The killing of the Chinese woman and the following “Taliban” statement indeed sparks many speculations on “Taliban,” “TIP,” and the relationship between China and Pak “Taliban”.

However, we cannot assume her student status or she engages in massage-related activities. …

Actually, I communicated with my Pak friends in Pakistans who got to know the lady during a cultural festival and had spent sometime in Pakistan to celebrate various cultural festivals.

They made many videos about the lady and they testify that the lady traveled alot countries and places (not only in Pakistan but also Euro-America). She even plans to visit India after Pakistan.

Here is a short video made by my friends in Pakstian in which she and my Pak friends were celebrating Chinese culural festival there.

http://www.youtube.com/watch?v=ViBsj2DEiFc

Hope this helps.

jz adams March 16, 2012 at 10:56 pm

Yes, I will take it that it is her… And I am sorry for her loss.
Regarding the piece, I still think it is accurate to say that it is surprising that she traveled alone to Peshawar. This attack is one reason why woman (or men) generally don’t travel alone there. I didn’t.

jz adams March 16, 2012 at 10:59 pm

The article says the travel may have been related to her studies… which would explain her traveling alone. It seems she was studying the culture, etc. So what answers the question in the title of the article? Or was it just a non-Taliban miscreant?
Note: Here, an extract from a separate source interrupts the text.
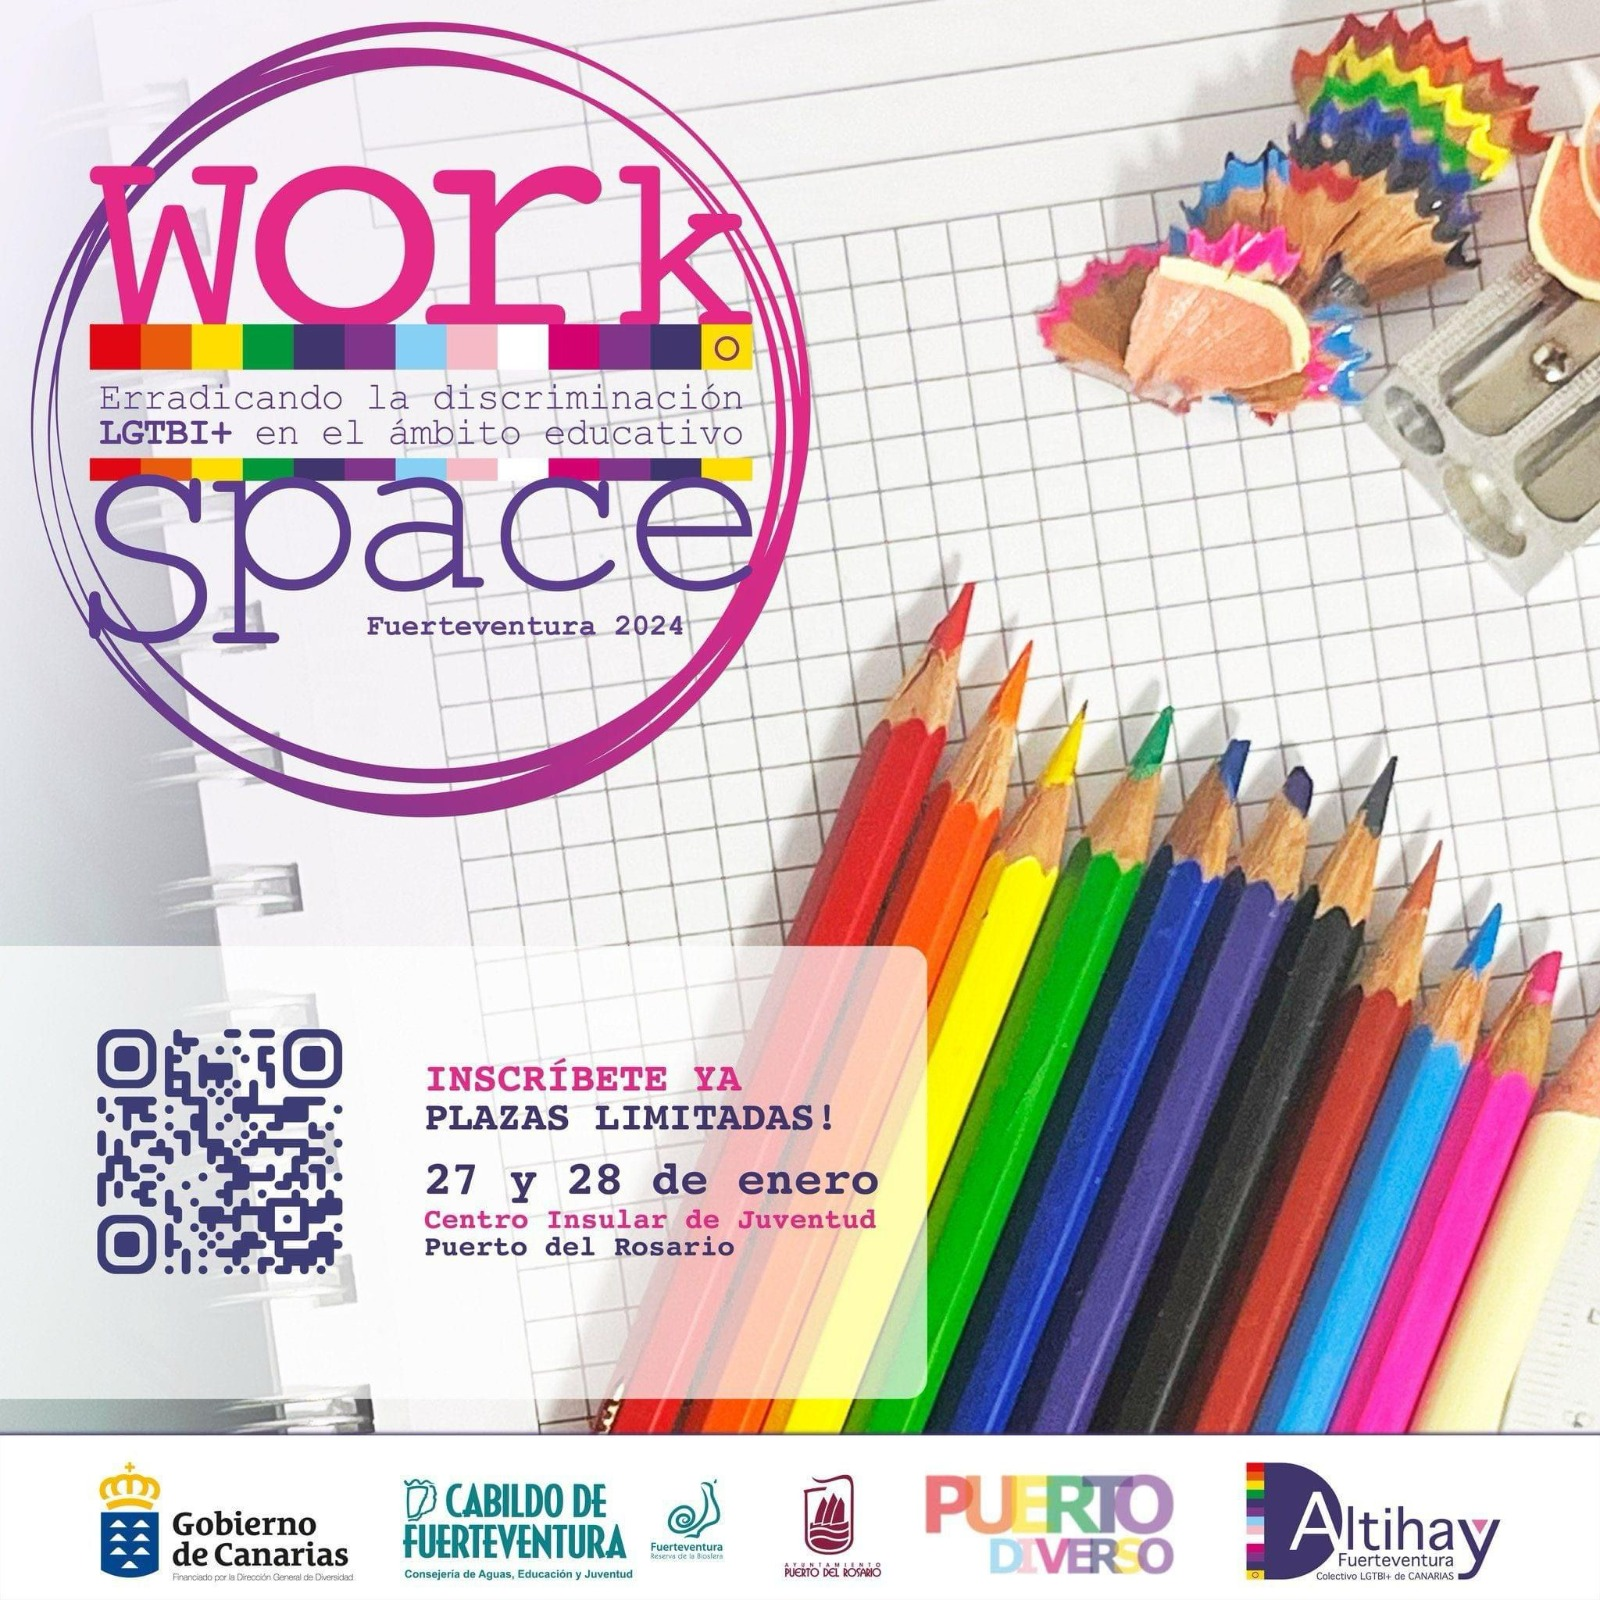 2a Edición WorkSpace: “Erradicando la discriminación LGTBI+ en los ámbitos educativos”

SAM April 1, 2012 at 5:54 am

WELL ITS NOT EASY TO ANSWER THEE QUESTION BECO SO FAAR WE DNT KNW..BUT ONE THNG I KNW THT THE INTERPRETR WAS MY GOOD FRIEND FROM MANY YEARS HE US TO LIVE WED US IN UK..THN IN ITLY WE USE TO LIVE N ONE HOUSE HE WAS ONE IN A MILION PEOPLE SO DIFRENT SOOO BRAVE AND INTELEGENT BOY HE WAS BORB IN AGHANISTAN AND BECO OF THE WAR HIS FAMILY MOVED TO PAKISTAN…HE WAS SEEKD ASYLUM IN UK..THY REFUSED HIM THN HE CAME TO ITLY FOR ASYLUM AND THN UK HOMEOFICE CONTECT ITALIAN POLICE TO SNE DIT BACK TO UK..AND THEN HE GONE TO AFGHANSITAN AND THN TO HIS FAMILY PAKSITAN AFTER SOME TIME HE GOT ADMISION IN UNIVERSITY IN LAHORE AND HE WAS STILL STUDYING THERE THAT IT HAPNED ….BUT HE WAS INOCENT HE IS MARTYR……FOR HIS MORE MORE INFO..GO TO FB…Sule Man…ITS ALL INFO ABOUT HIM……..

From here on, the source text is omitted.